Le ministre de l’Armée Theo Francken (N-VA) : « Poutine sait : si j’utilise des armes nucléaires, elles rayeront Moscou de la carte ».

En tant que secrétaire d’État à l’Asile et à la Migration dans le gouvernement Michel, Théo Francken (47 ans) était souvent en colère, en tant que ministre de la Défense sous De Wever, c’est celui qui rit le plus. Alors que ses collègues doivent lésiner, il est autorisé à reconstruire l’armée belge. « Lors de la migration, j’étais constamment dans un stand de tir, maintenant je suis le patron du stand de tir. »

Théo Franken. Photo : Tom Little / Reuters

Le journaliste a demandé au ministre s’il craignait que le président russe Vladimir Poutine ne donne l’ordre d’attaquer Bruxelles. « Non, a répondu le ministre, parce qu’alors il frappera au cœur même de l’OTAN. Après cela, nous raserons Moscou », a déclaré M. Franken.

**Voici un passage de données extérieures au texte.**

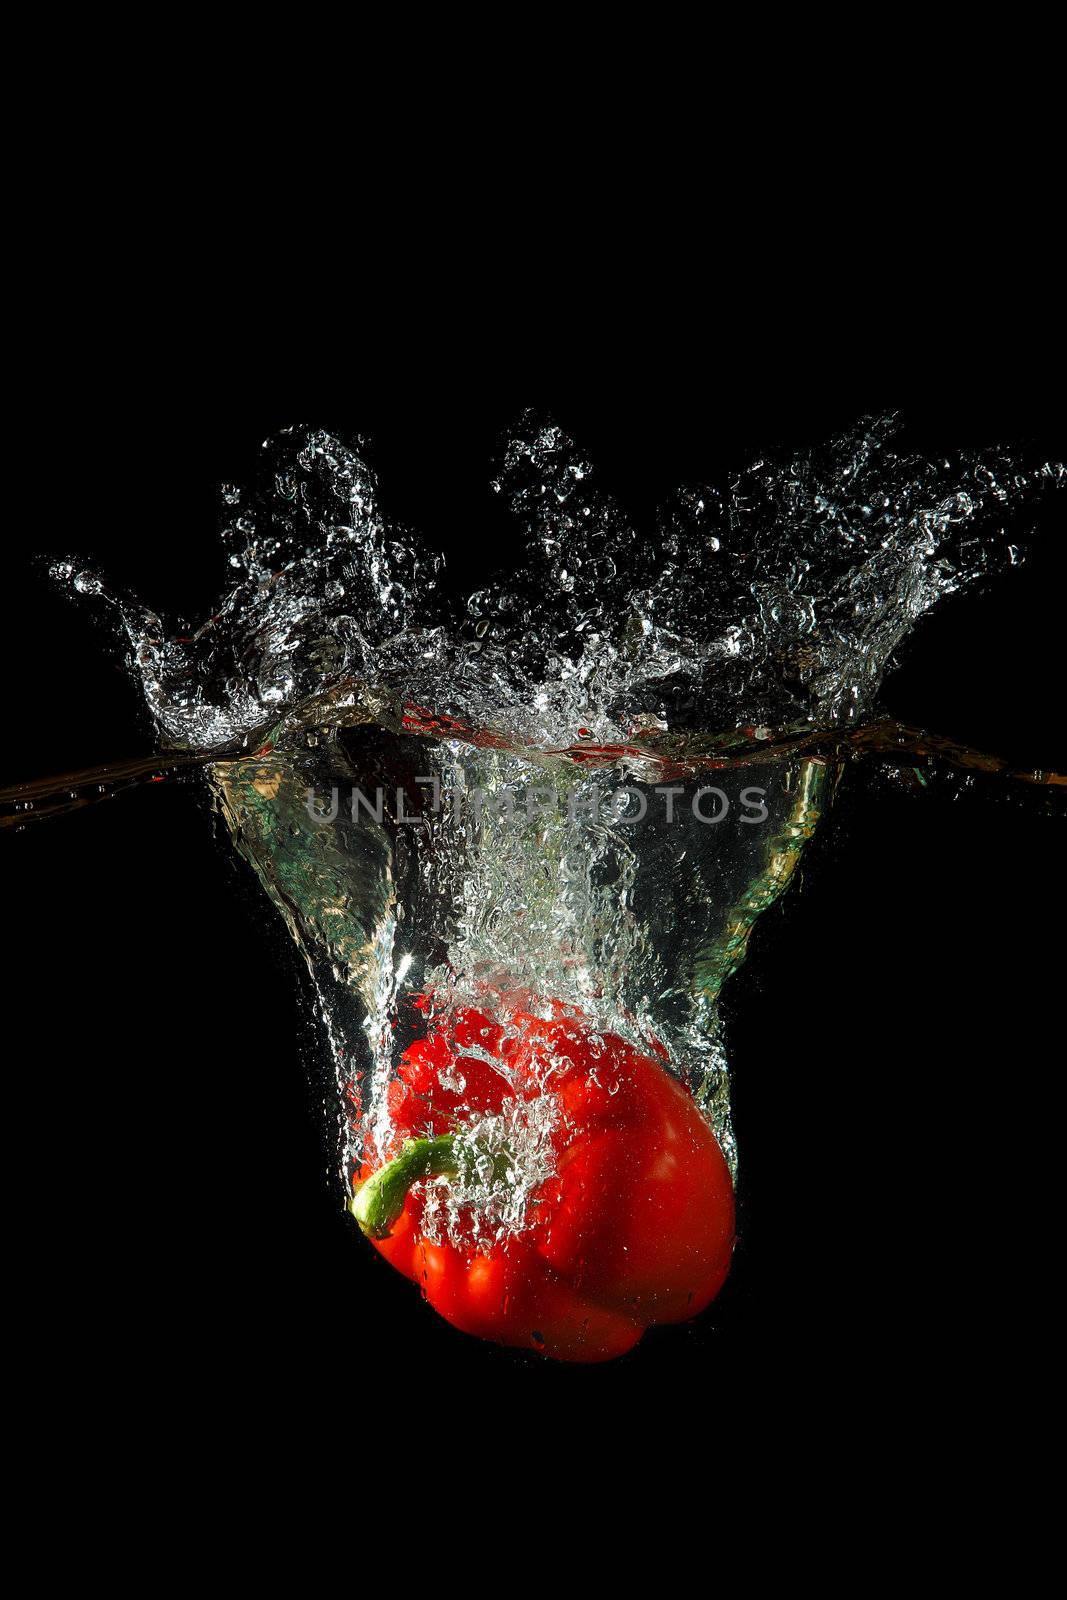 sweet red pepper by sergey_nivens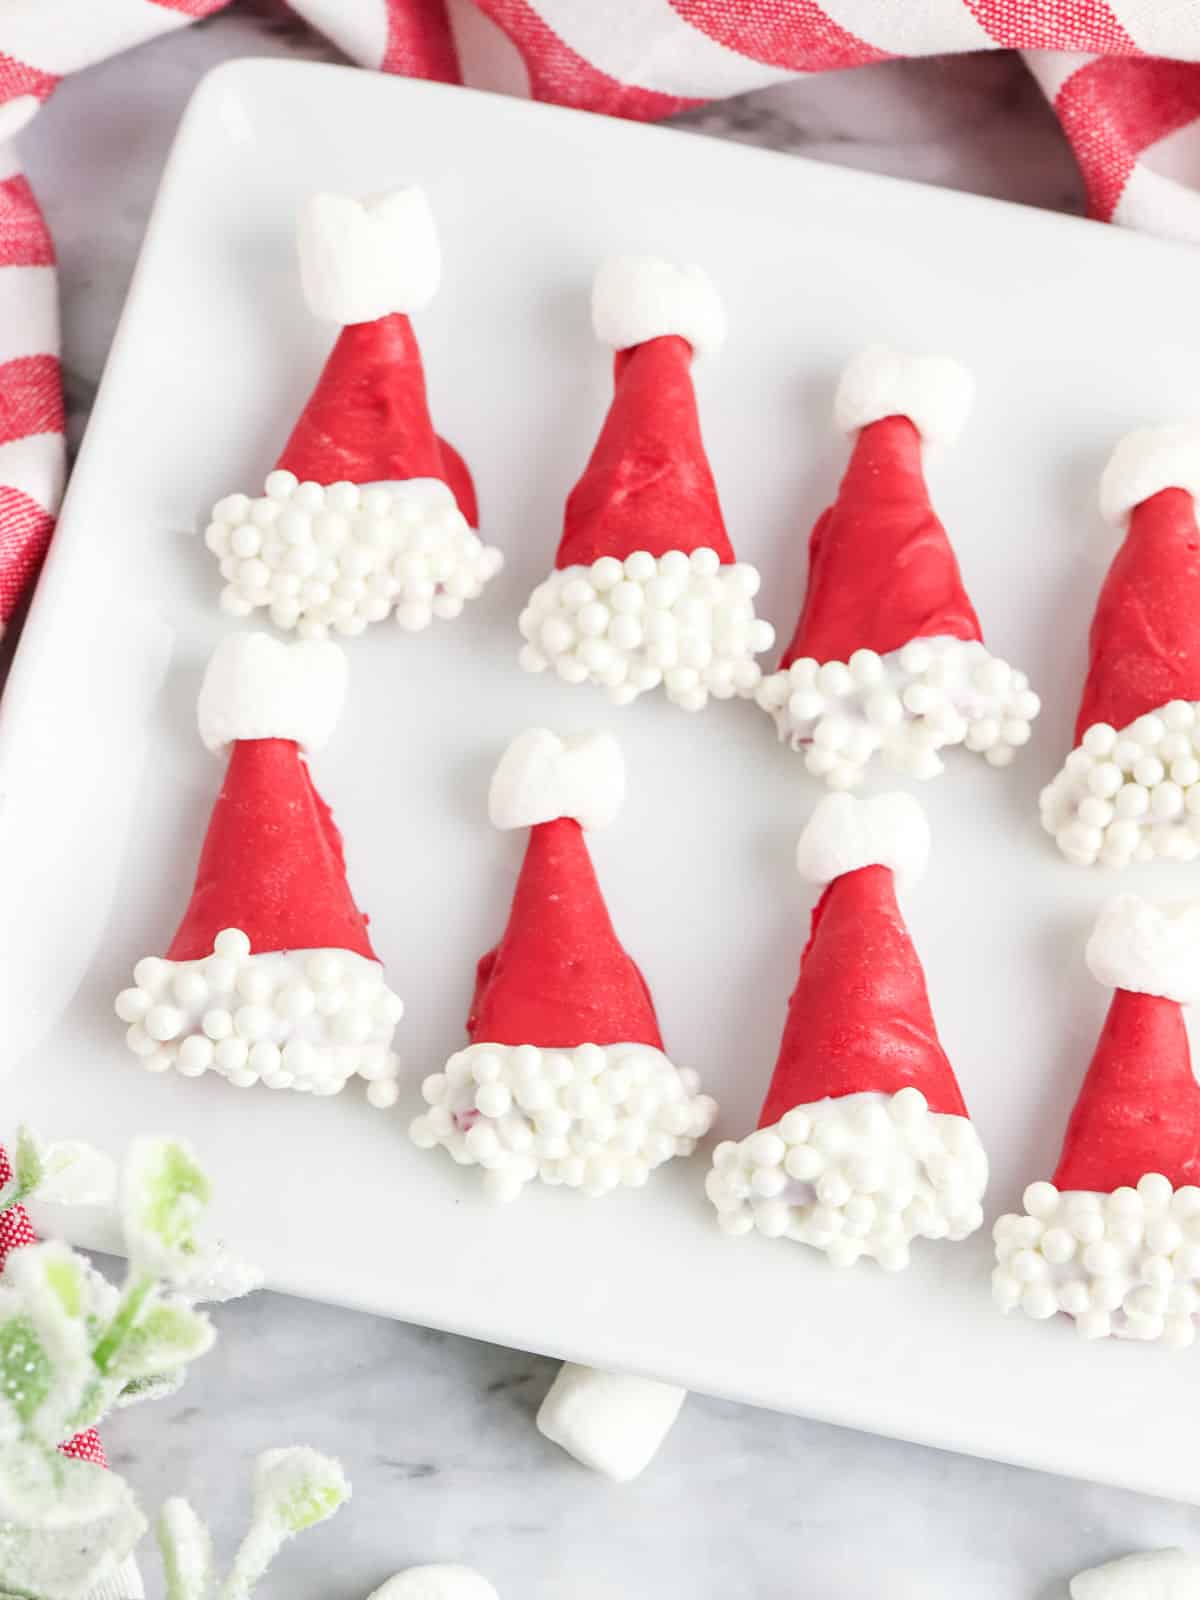 Santa hat dipped Bugles with marshmallows on a white plate.

Il pense que Vladimir Poutine n’osera pas avoir un affrontement armé direct avec les pays de l’alliance. « Je suis plus enclin à envisager des scénarios de zone grise : des « petits hommes verts » qui, en Estonie, inciteront la minorité russophone contre le « régime nazi ». Avant que vous ne vous en rendiez compte, ils annexeront une partie de l’Estonie », a déclaré le ministre.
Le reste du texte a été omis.